The show explores the body as a site of memory, a place where histories live in our movements, poses, affectations.
This curatorial conceit goes hand-in-hand with a non-linear view of history, the past is instead presented as something that we inhabit and continually reactivate through physicality and its representations. Our kinship with the aforementioned barbarians derives from this rejection of a linear history which locates the present within a narrative of progress.

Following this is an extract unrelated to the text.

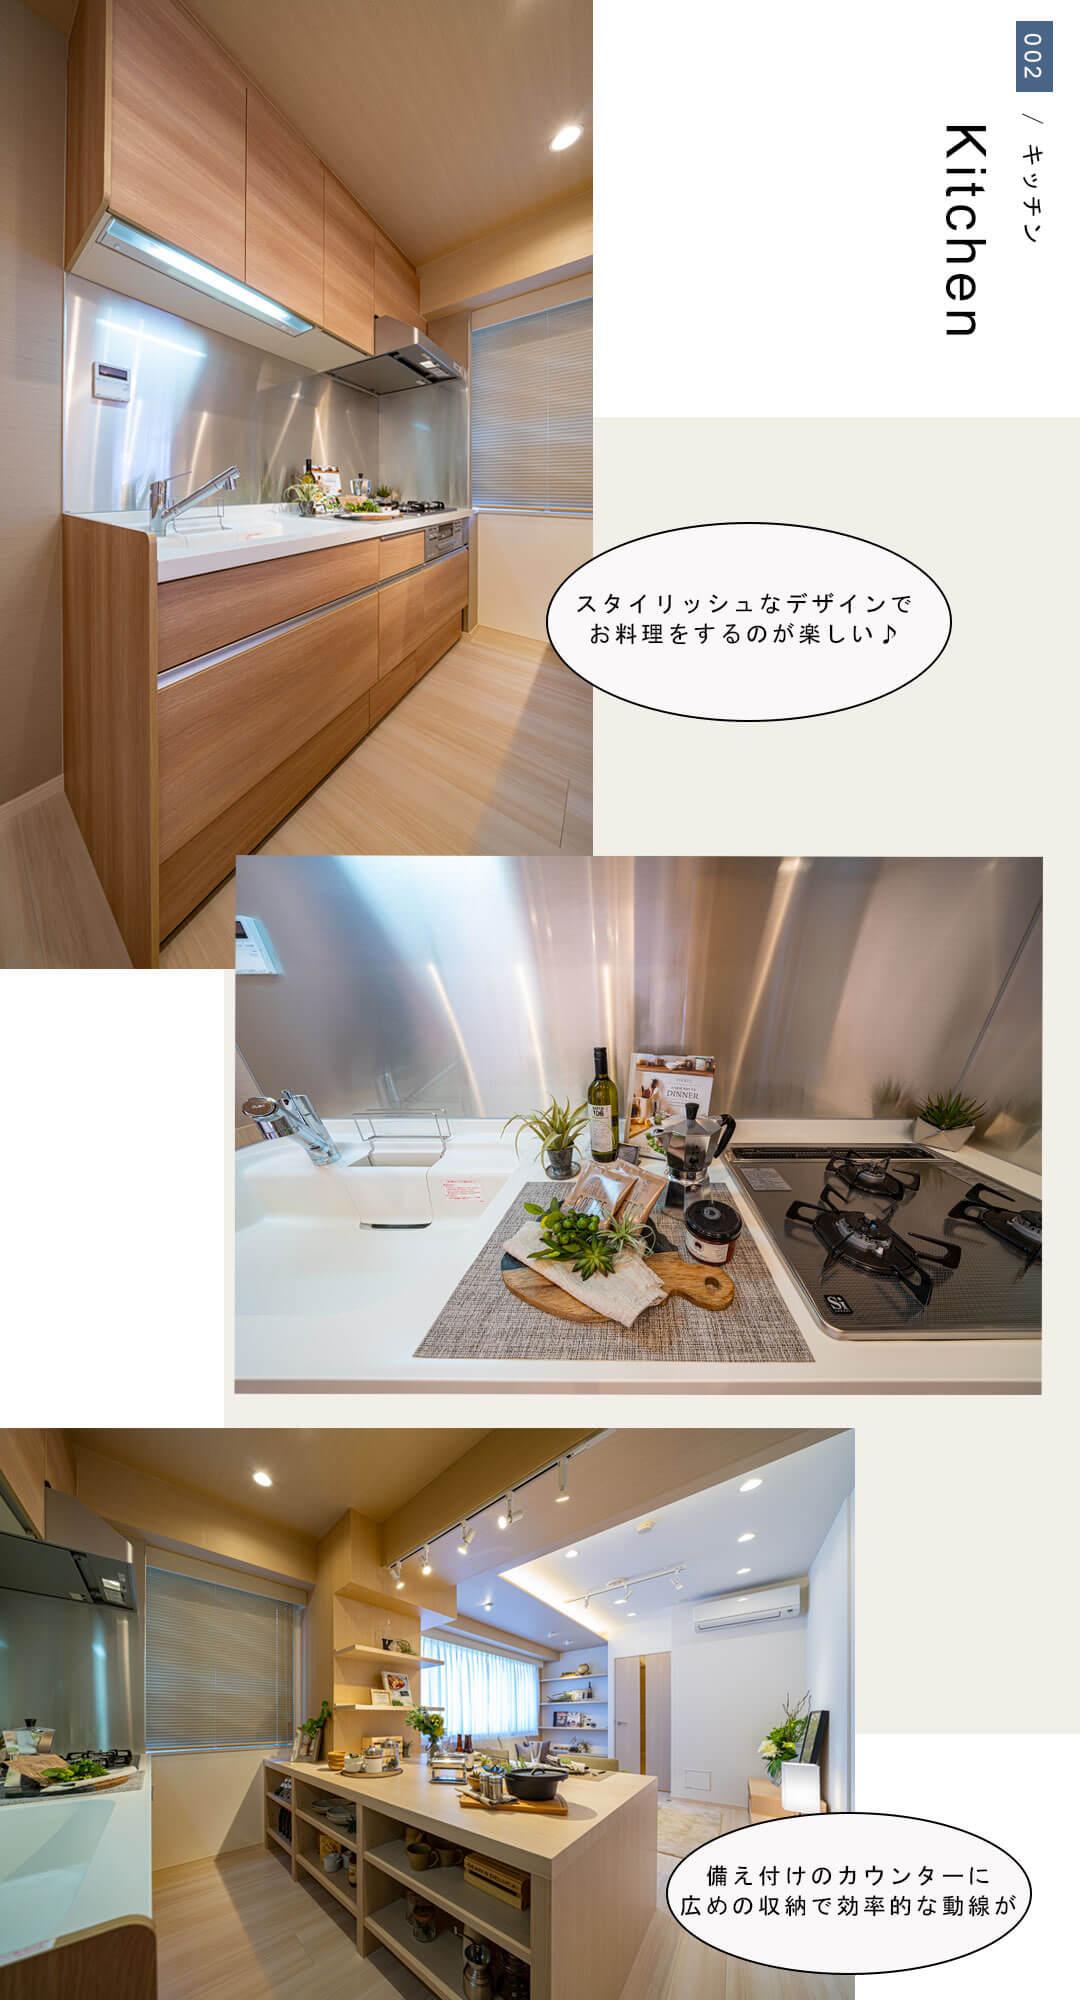 サンティーエ三筋のキッチン

The concept of embodied memory is extended here to extra-corporeal manifestations in art and technology. Memory, we are reminded, is always mediated by the subject and must therefore be understood as a representation, direct access to the past being impossible. Both art and the internet, within this conceptual framework, can be understood as memory banks where collective memories are secreted, accessed and reinterpreted. They provide us with representations of embodied memories and reveal the symbiotic relationship between the subject and memory, which is one of continual interpretation and appropriation.

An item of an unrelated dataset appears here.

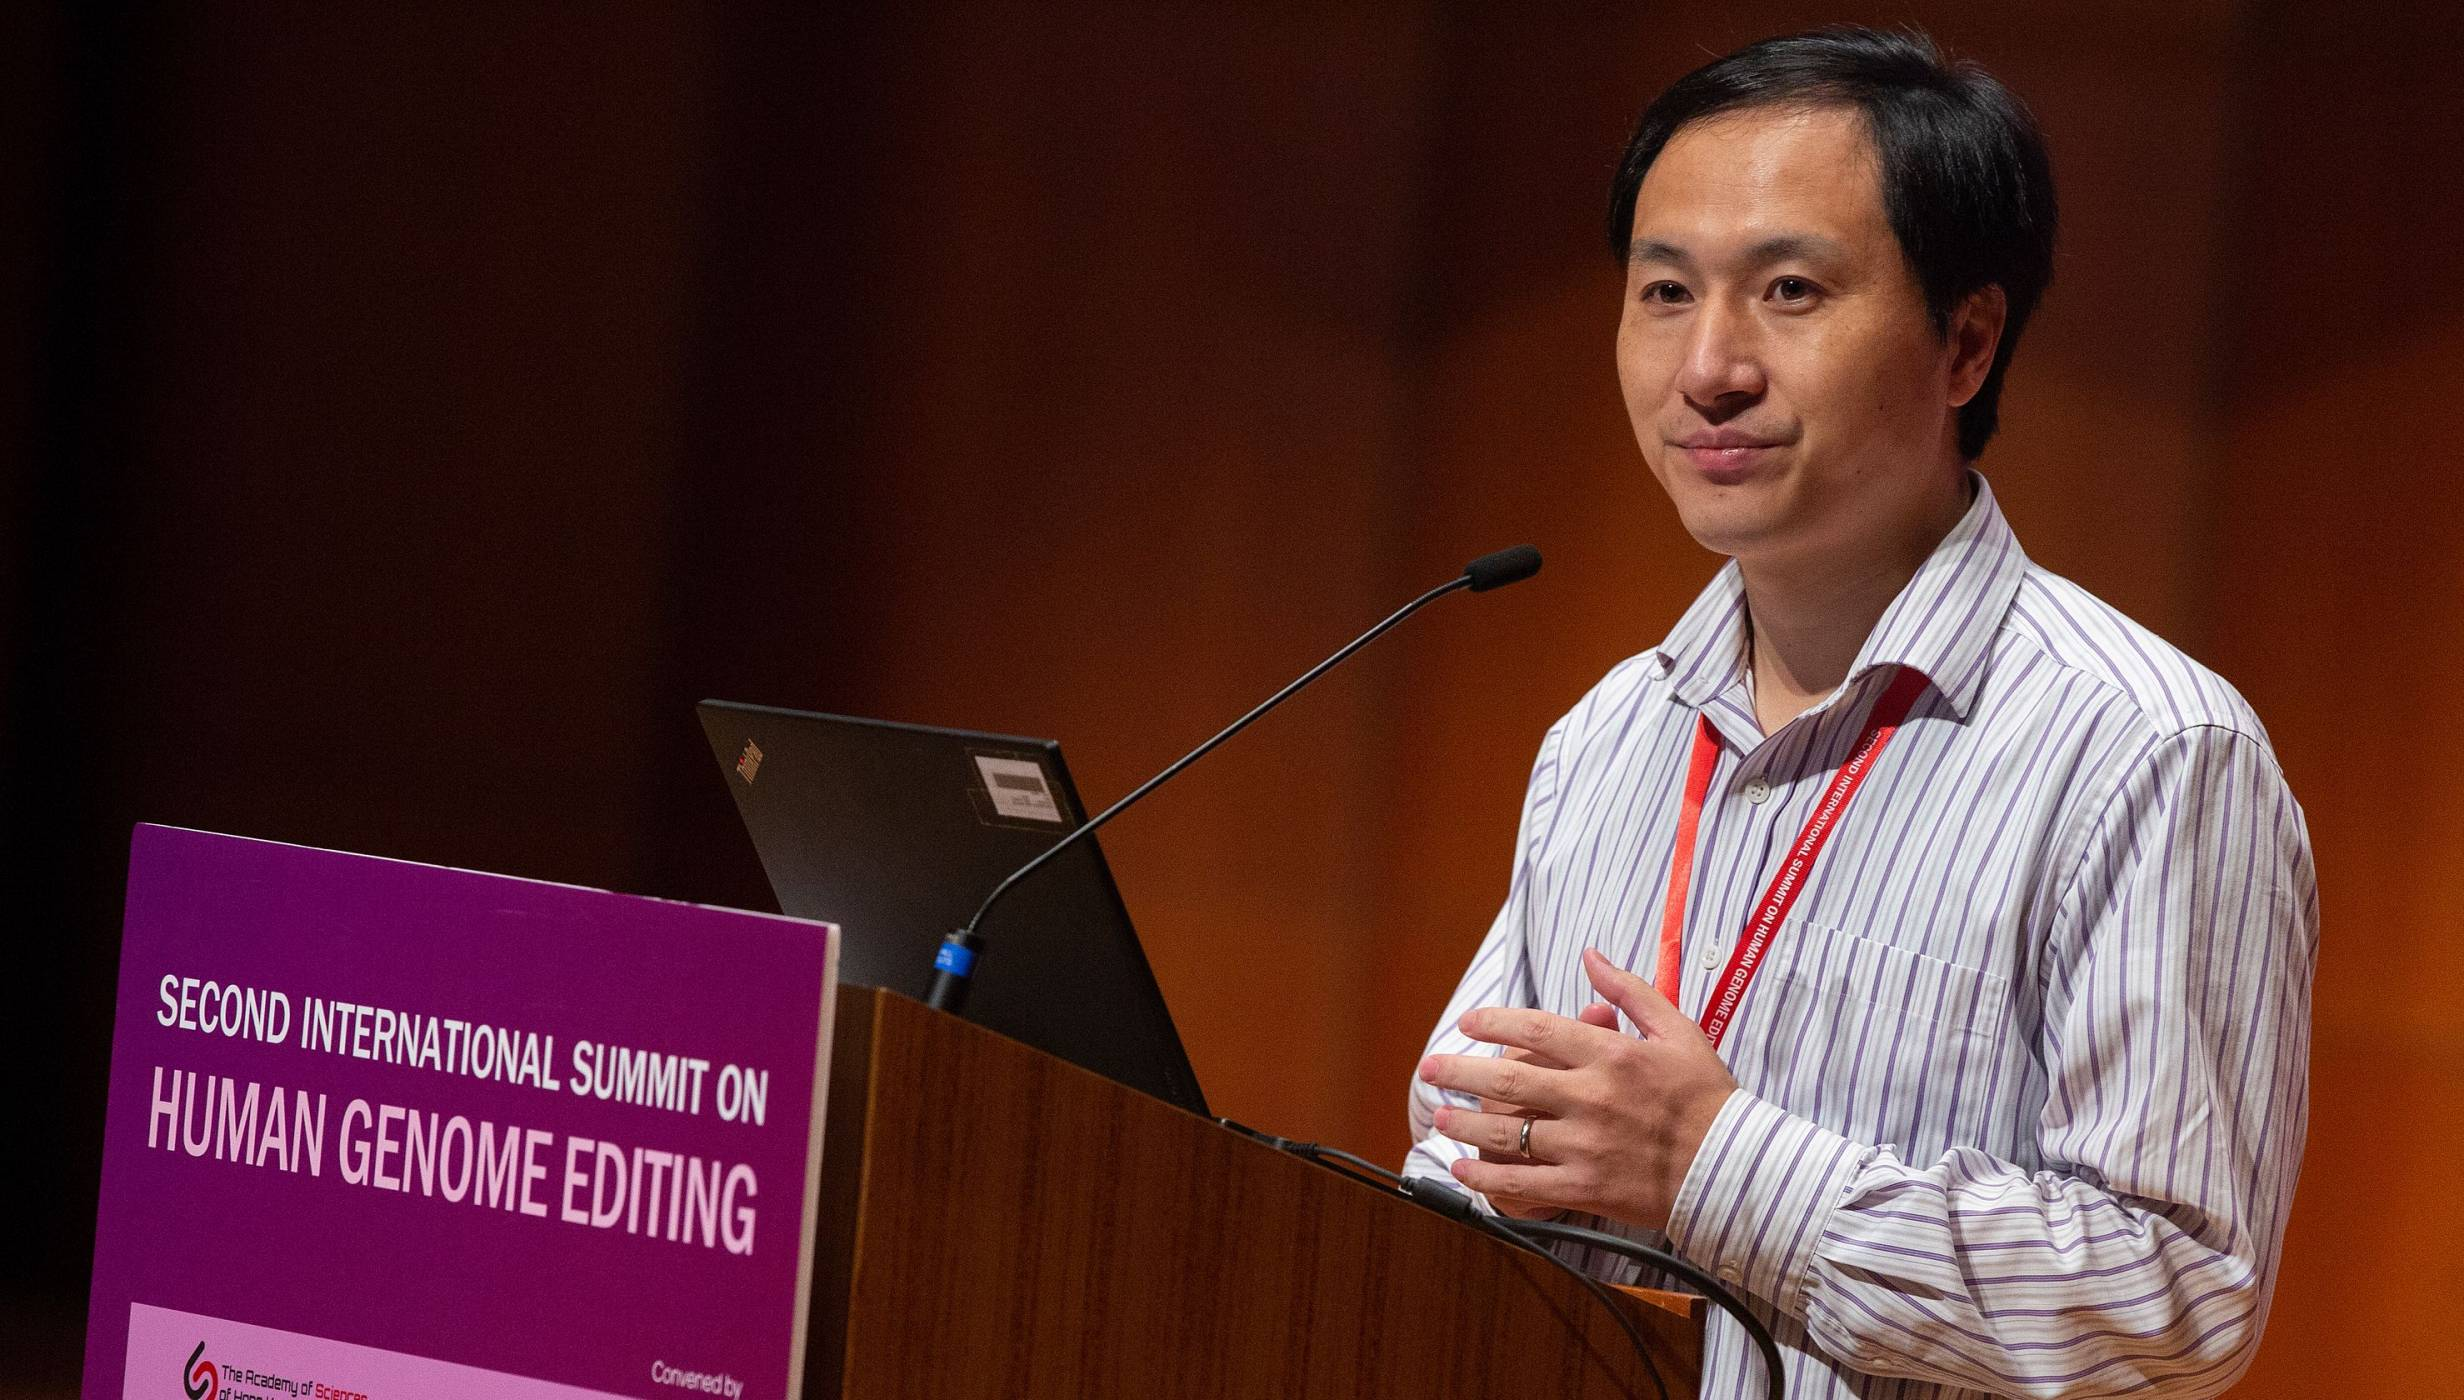 Второ генно-модифицирано бебе предстои да се роди, твърди китайски учен

Lilli Dujourie and Matts Lierderstam both interpret the pose in the Western art tradition as a mirror of corporeal memory. While Dujourie’s work attempts to wrest the pose from its socially coded meanings by enacting familiar poses in environments free from their typical associations, Lierderstam reveals queer histories encrypted within the poses of Renaissance paintings. This revelation of a historical counter-narrative highlights the possibilities of this kind of analysis and opens up interesting avenues in terms of the simultaneous performance of past and present.
Juan Downey’s 1981 film ‘The Looking Glass’ explores the (non-Western) artist’s relationship with the Western art tradition, using the mirror as a metaphor for a process of mutual transformation between art work and subject. Particularly compelling is Downey’s analysis of Velazquez’s ‘Las Meninas’, which comprises both a highly personal account of an encounter with the painting and Leo Steinberg’s analysis of the vectors of seeing in the painting, in which looking and mirrors are conceptualised as both determinants and reflections of consciousness. Las Meninas, Downey argues, is a ‘mirror of consciousness’ and viewers of the painting ‘partake in an infinity not spatial but psychological’. The film thus develops the exhibition’s exploration of the relationship between time, history and the subject – it is the subject that brings (art) history into the present. Once again the subject is a site of mediation, a place where internal and external forces collide in the production of ‘self’.
Chris Marker’s virtual art gallery, ‘Pictures at an Exhibition’, deals with the embodiment of memory in technology and the implications of this new site of memory on visual art. The viewer is guided through the gallery with the characteristically steady, unmovable viewpoint of the computer programme. The work is sharply funny, the gallery is populated by the strange, hybrid images that proliferate online; part cyber-fantasy, part old master, (‘The Skinless in Paradise’ is a masterpiece), but Marker’s work has serious things to say about the role of the internet in continually re-defining cultural memory. The egalitarian logic of Google Images, where iconic artworks rub shoulders with their multifarious reinterpretations, a museum without a strict collecting policy, raises questions of how new interpretations reflect new meanings back onto their forebears. Marker’s piece brings to mind Walter Benjamin’s Arcades Project – the image gallery of the present, the internet, is shown to be the past in a new guise, the same archetypes persist. This returns us to the trope of the mirror, the abiding image of the show, and its inevitably distorted image.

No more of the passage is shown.